Howdy All! Time for a new thread. I decided to title it this because that's the path I feel Im on now.
I've survived and with each passing day I find myself thriving now....but every now and then with a few emotional backslides. Hell it's all part of the process.
As I look back at a year ago, Christmas time last year was the most horrible Christmas I had ever had in my life. I was so emotionally wounded, my skin and brain were almost numb. Tears would fall uncontrolably. The pain went beyond heart ache, down to my soul. All of us know this pain. But as my D10 says " the pain makes you learn". Boy has it.
So here I am a year later Christmas time. Im in the Christmas mood and excited for the season. Im embracing the magic of Christmas. I feel joy for the first time in years. I finally found out what brings me true joy, happiness, and contentment. Helping people that really need it. I don't mean people pleasing but helping people that really need it.
A co worker of mine, that's also becoming a good friend, really needed some help this week. She left a bad marriage and in the end had to have her husband arrested for domestic abuse. Though this woman was in a bad marriage, it was this person that's really helped me find my self esteem again. She's been such a support to me over my heart ache over XH. While her H was in jail she high tailed it out of their house and moved out. A week later she finally found a place of her own, and needed just one more day off to get completely moved in. She asked me if I'd work for her on her normal work day. I said yes, of course. But the relief, gratitude and joy she got from me helping out was just the best gift in the world to me. I really helped her. It made me feel like the richest woman in the world. And in turn I want to return that feeling to others.
So my point being, is a year ago, and a few times during this last year I've been so down and low over the horrible things my MLCer has done, and is still doing. I lost the ability to feel joy. The ability to feel happiness. The ability to even muster a desire to try and find joy in anything. To the point of wanting to die, and actually semi planning a suicide. Each time I got extra low, the thought of my girls living their lives without me in it was enough to make my pull myself up and keeping moving forward.
But here I am. I not only survived, Im now managing to thrive. And it's just the beginning.
So What my goal is for this thread is to focus on how we all went from shattered, to putting ourselves back together again, and how we've found and still continue to find ourselves each day.
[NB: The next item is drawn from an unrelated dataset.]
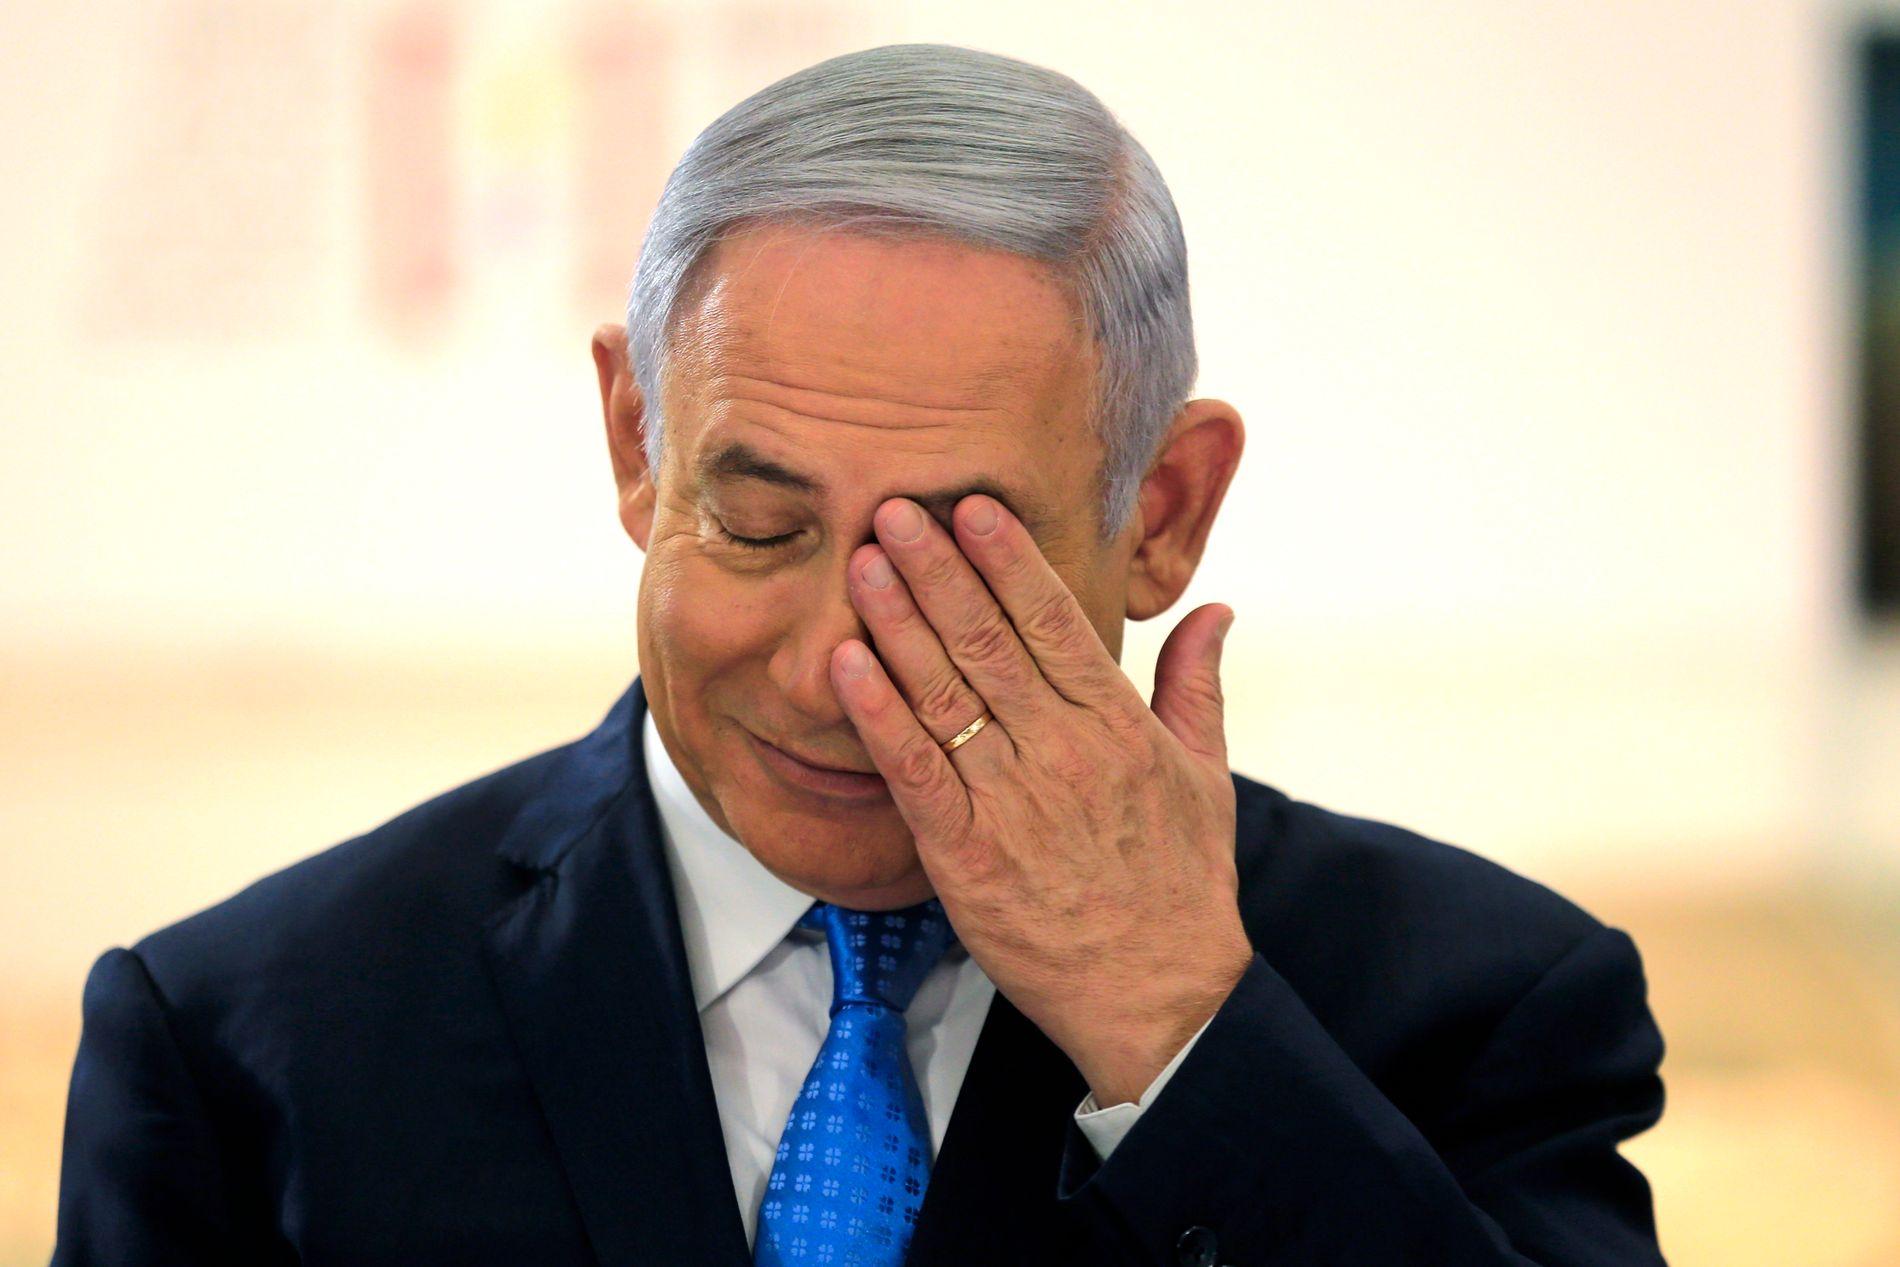 SKYLDER PÅ HAMAS: Israels statsminister Benjamin Netanyahu legger skylden for de drepte palestinerne på den Hamas.
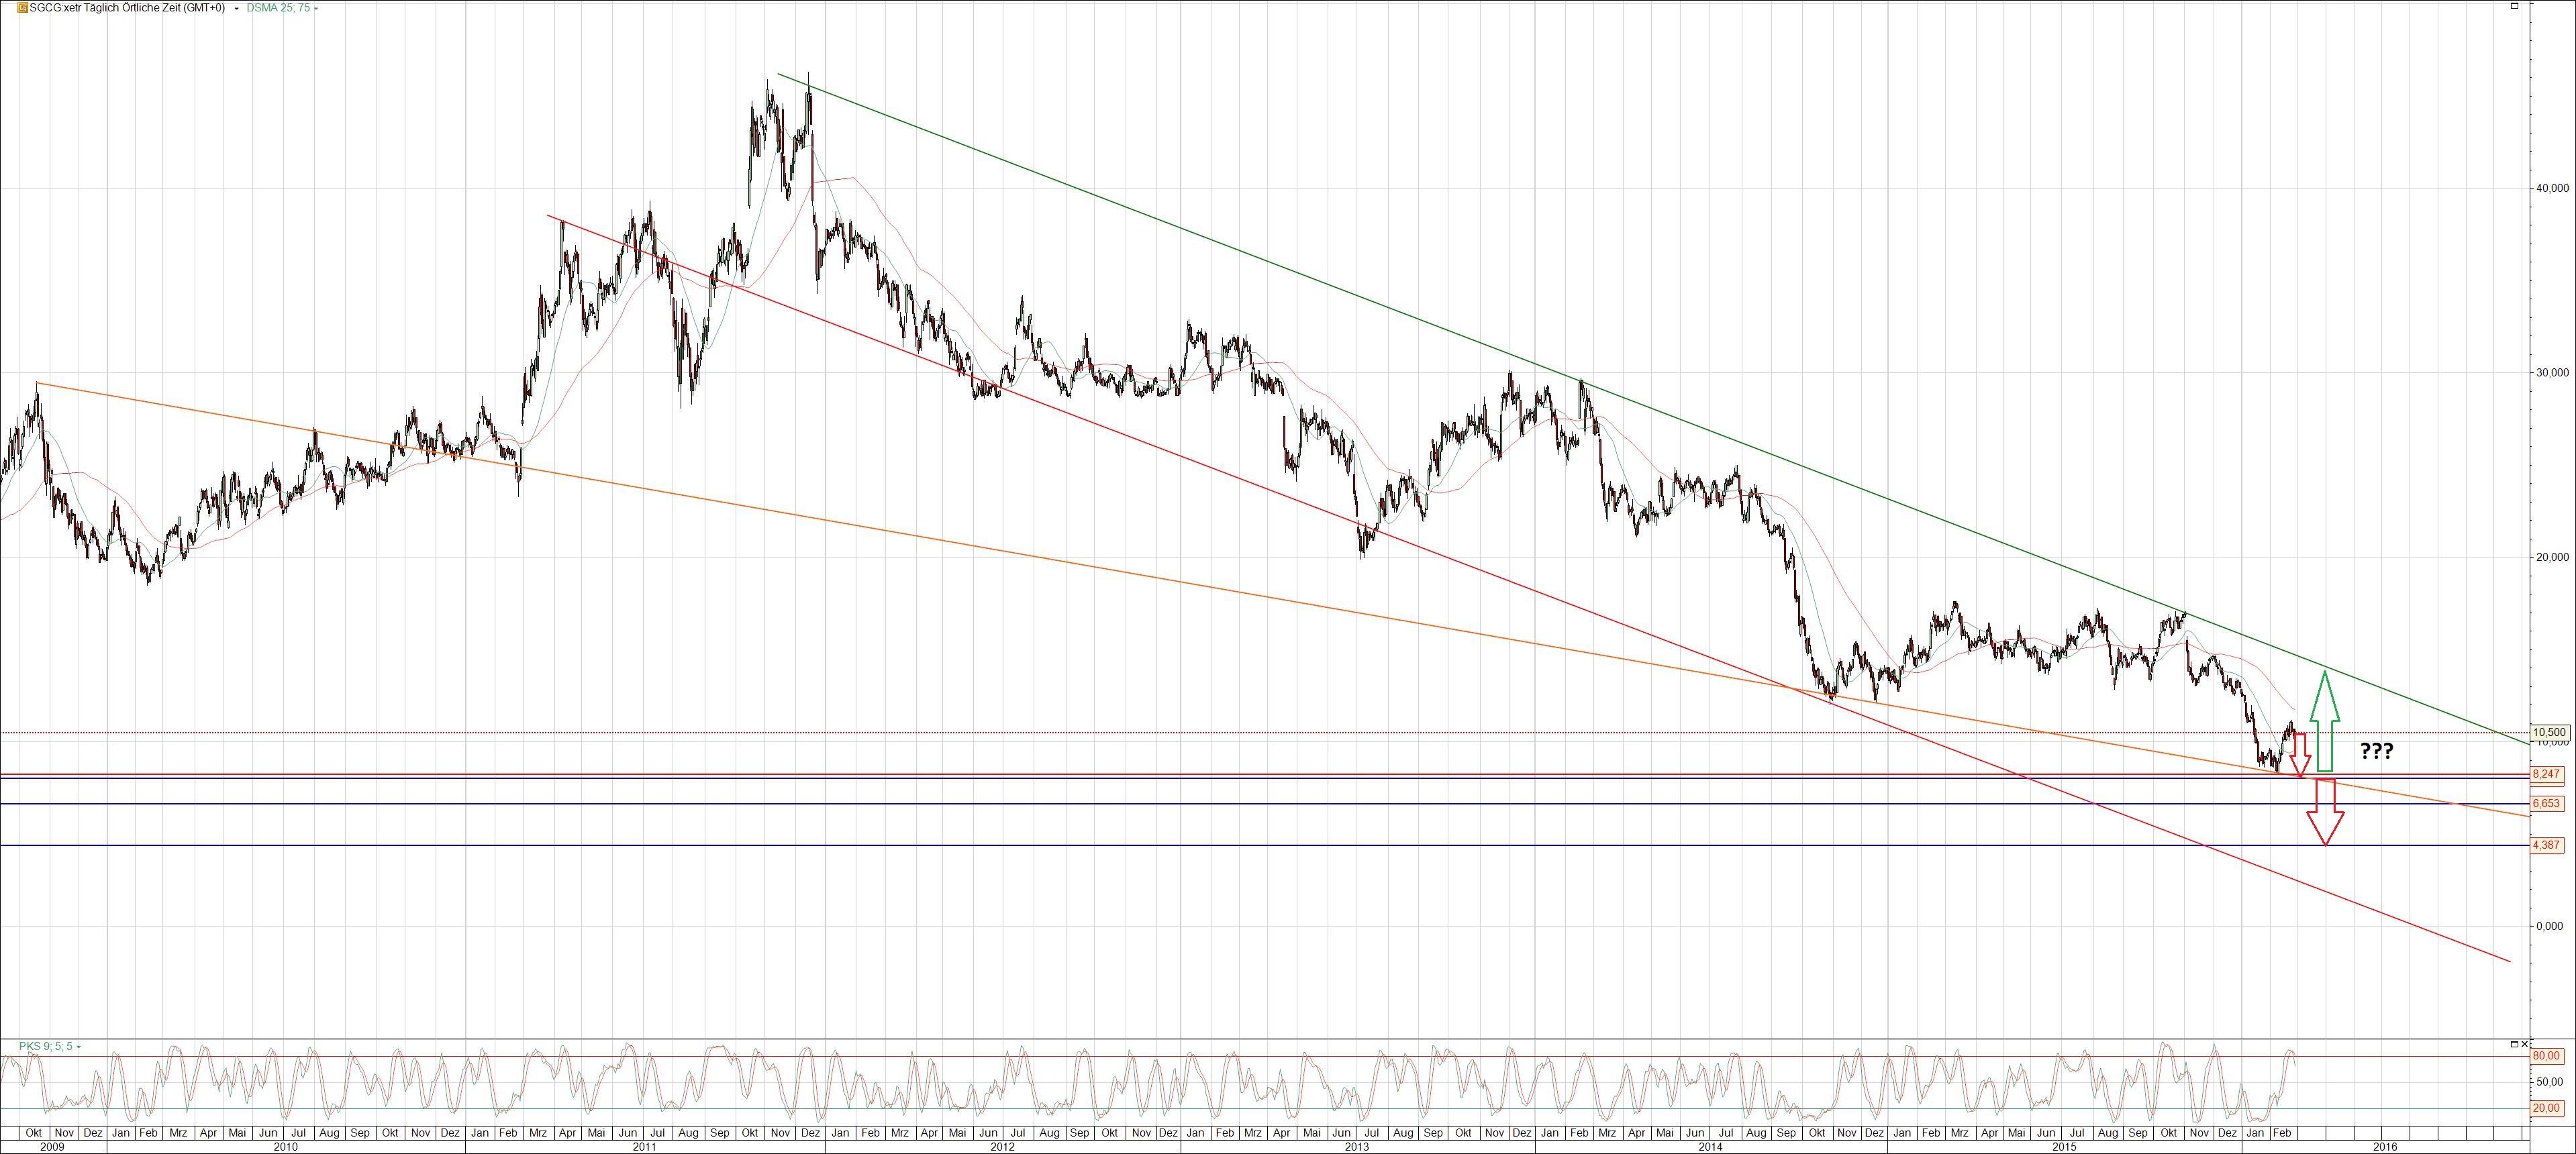 SGL Carbon Aktie Chart mit Trendlinien

And of course the backslides in between. WE all have them, especially duing Holiday's anniversaries, etc. Heck I've been having them already. The interactions with the MLCers also tend to push buttons and still bring up questions with in us.
Even today I awoke to thinking " why did XH call me such horrible names? Why did he leave me such horrible nasty notes?Why did he become so verbally abusive?"
But after a few minutes I realized his behavior was not my responsibility, and why he chose and still chooses to behave so erratically, is just the way he is.
How I choose to deal with it has everything to do with my well being and feeling as a person. Believe me it's pretty damn tricky when you've lived with crazy making passive aggressive MLC behavior for years. But you learn!